General characteristics
- Type: Net laying ship
- Displacement: 785 long tons (798 t)
- Length: 168 ft 6 in (51.36 m)
- Beam: 33 ft 10 in (10.31 m)
- Draft: 10 ft 10 in (3.30 m)
- Propulsion: Diesel-electric, 2,500 hp (1,864 kW)
- Speed: 12 knots (22 km/h; 14 mph)
- Complement: 46
- Armament: 1 × single 3"/50 caliber gun; 6 × single 20 mm AA gun mounts;

= USS Etlah (AN-79) =

USS Etlah (YN-98/AN-79) was a built for the United States Navy during World War II. She was commissioned in April 1945 and spent her entire career in the Pacific Ocean. She was decommissioned in March 1947 and placed in reserve. She was recommissioned in August 1951 for Korean War service and remained active until May 1960. She was sold to the Dominican Republic in September 1976 as patrol vessel Cambiaso (P207). By 1994, Cambiaso had been removed from Dominican Navy service and hulked.

==Career==
Etlah was launched 16 December 1944 by Commercial Iron Works, Portland, Oregon; sponsored by Mrs. Phyllis I. Kane; and commissioned 16 April 1945. ("Etlah" is apparently a native American Indian word meaning "white lily".)

From 8 June 1945 to 26 November, Etlah sailed out of San Pedro, Los Angeles, California, repairing and maintaining antisubmarine nets, and conducting salvage operations in the 11th Naval District. She then served at the Net Depot, Tiburon, California, testing experimental equipment and giving salvage service in the Oakland Estuary. Following World War II. In the spring and summer of 1946, Etlah performed a miscellany of service to Joint Task Force 1, conducting atomic weapons tests at Bikini Atoll in "Operation Crossroads". The net tender was overhauled at Bremerton, Washington that fall, and on 14 March 1947 was placed out of commission in reserve at Astoria, Oregon.

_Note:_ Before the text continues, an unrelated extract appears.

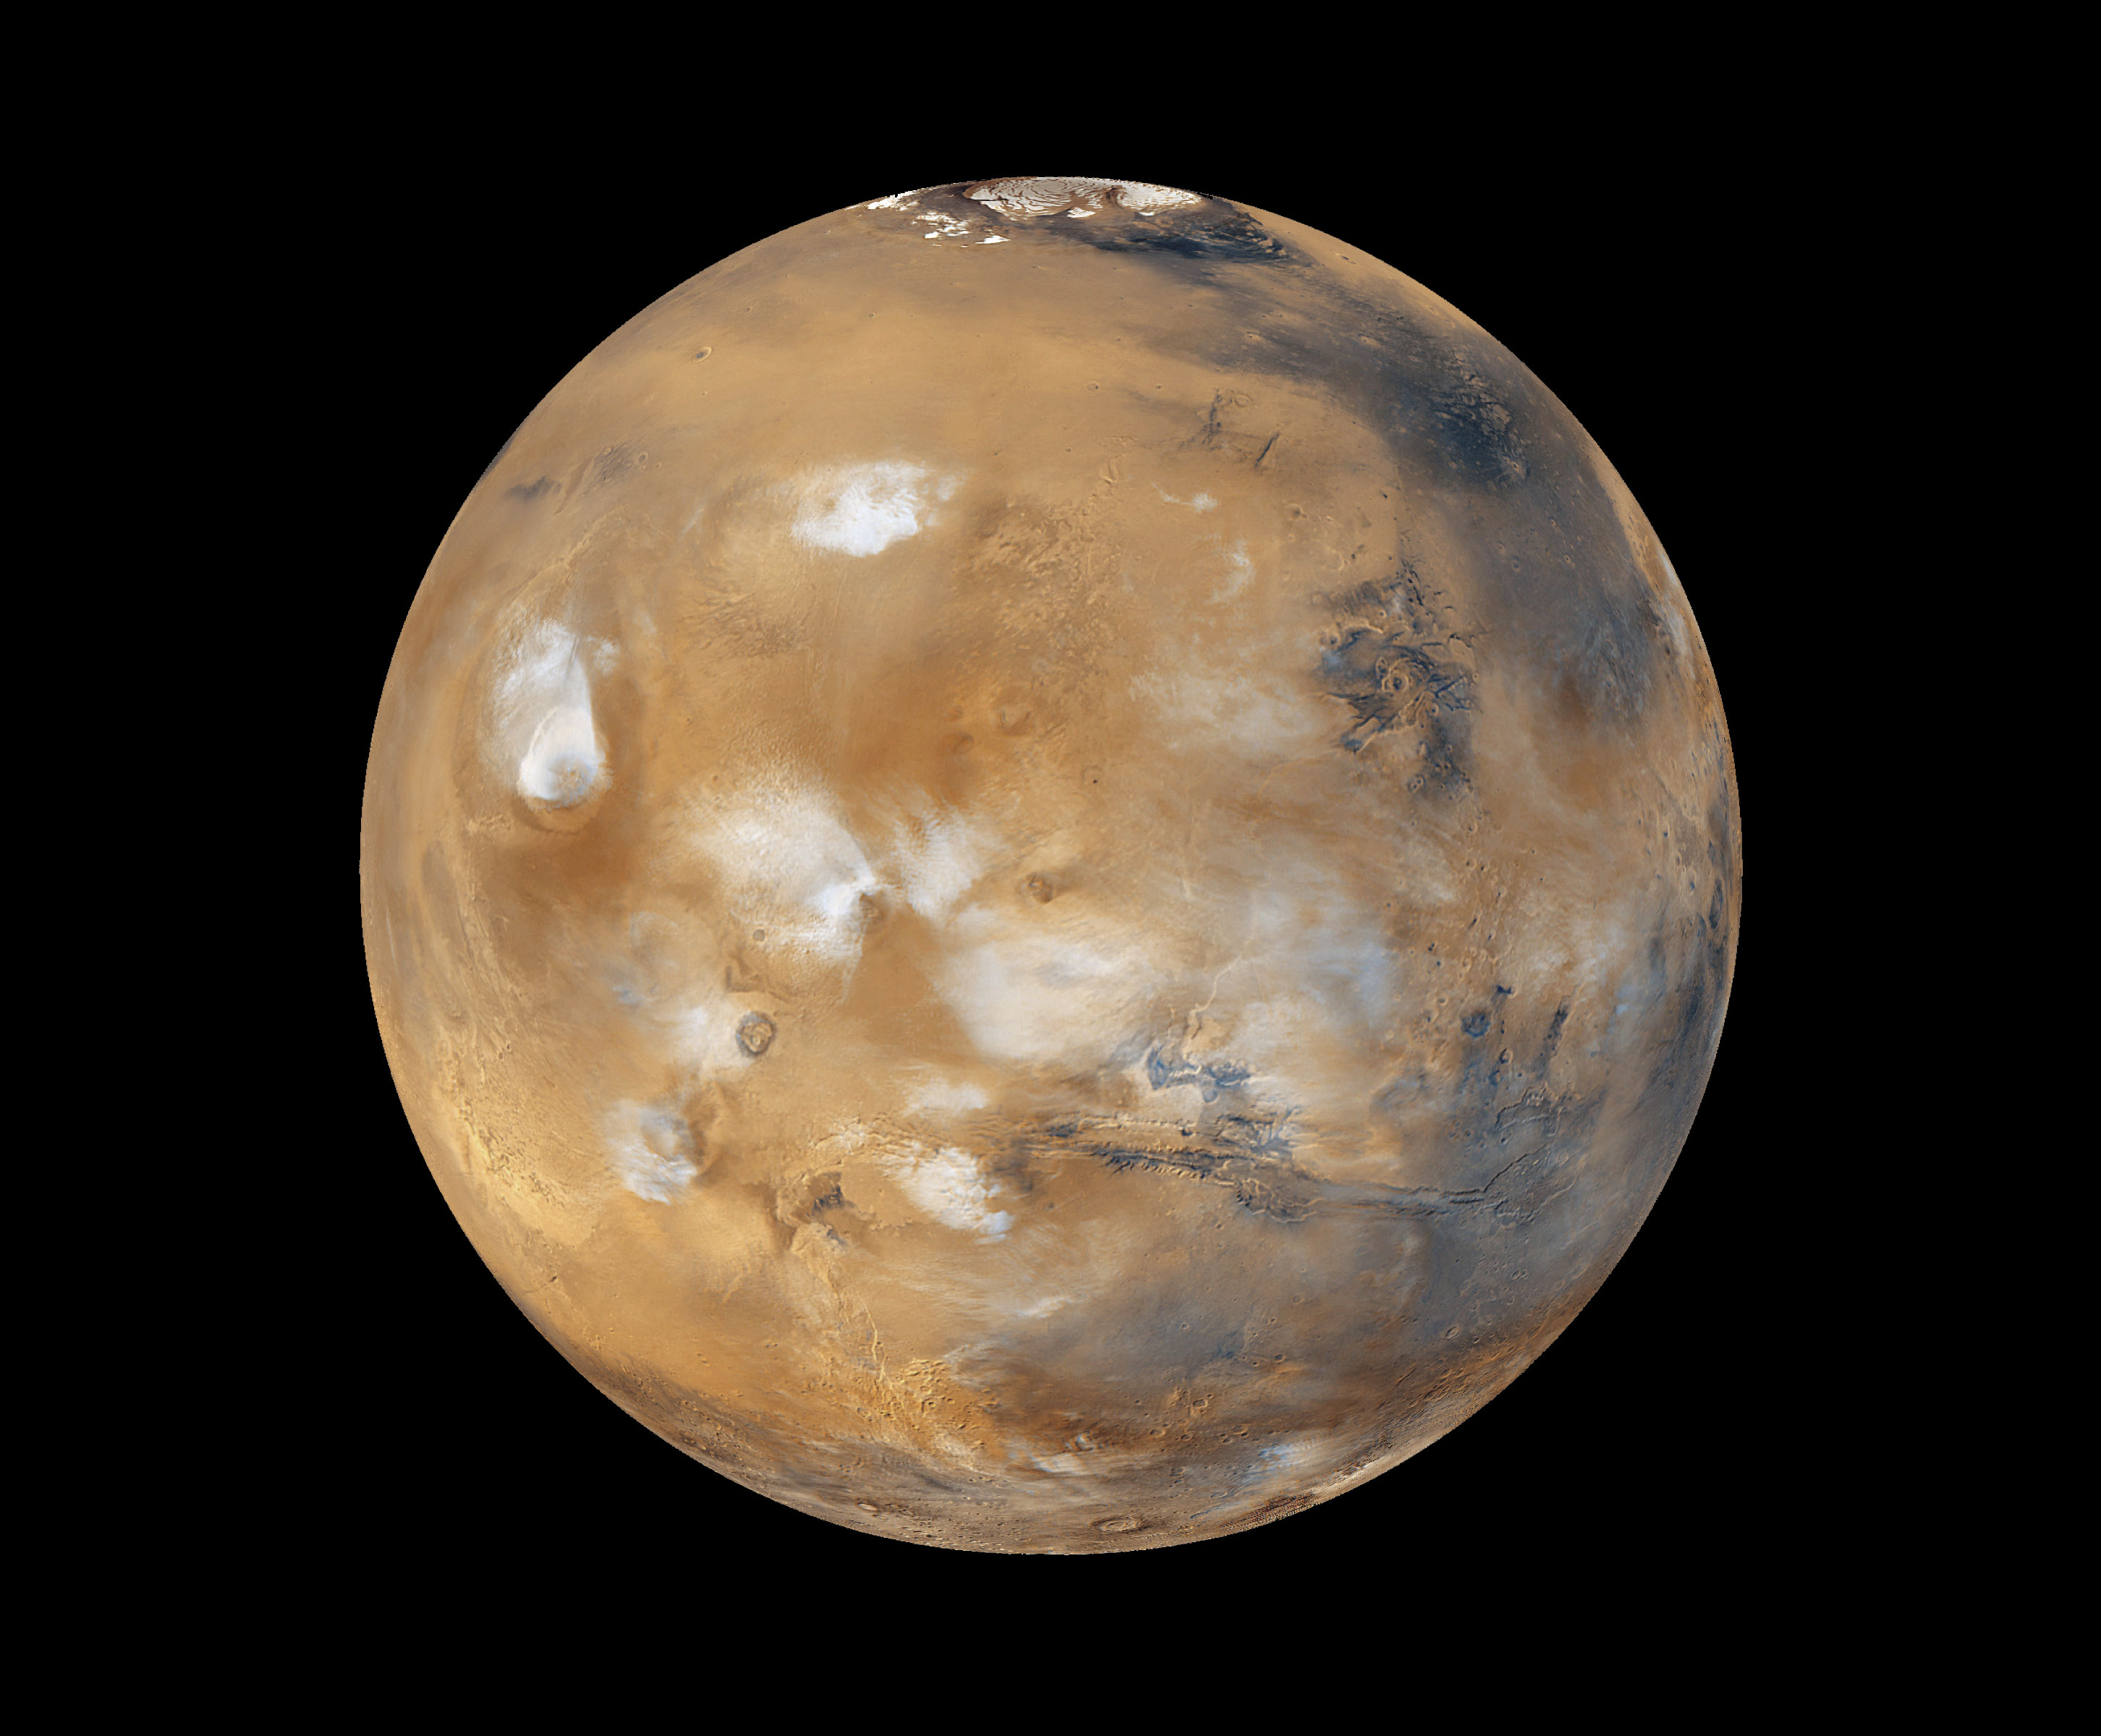 Компанията ”Mars One” е била регистрирана в Холандия през юни 2011 година само с един сътрудник

Etlah was recommissioned 10 August 1951, and after shakedown training, sailed for Yokosuka, Japan, arriving 24 December. Through the remainder of her naval career, she served in the Far East. During the Korean War, she maintained the nets guarding Tokyo Bay, and worked on the nets at Pusan Harbor and Cheju, Korea. Towing ships and targets off Japan and in the Philippines, launching and recovering radio-controlled drones in gunnery exercises, and serving as target ship for submarines and surface ships were Etlahs usual employment until 16 February 1960, when she sailed from Yokosuka for Pearl Harbor and San Diego, California, where she was decommissioned 31 May 1960.

Etlah received two battle stars for Korean War service.

The ship was transferred to the Dominican Republic in 1976, and renamed Cambiaso (P-207). She was decommissioned from Dominican Navy service in the early 1990s, and reduced to a hulk by 1994.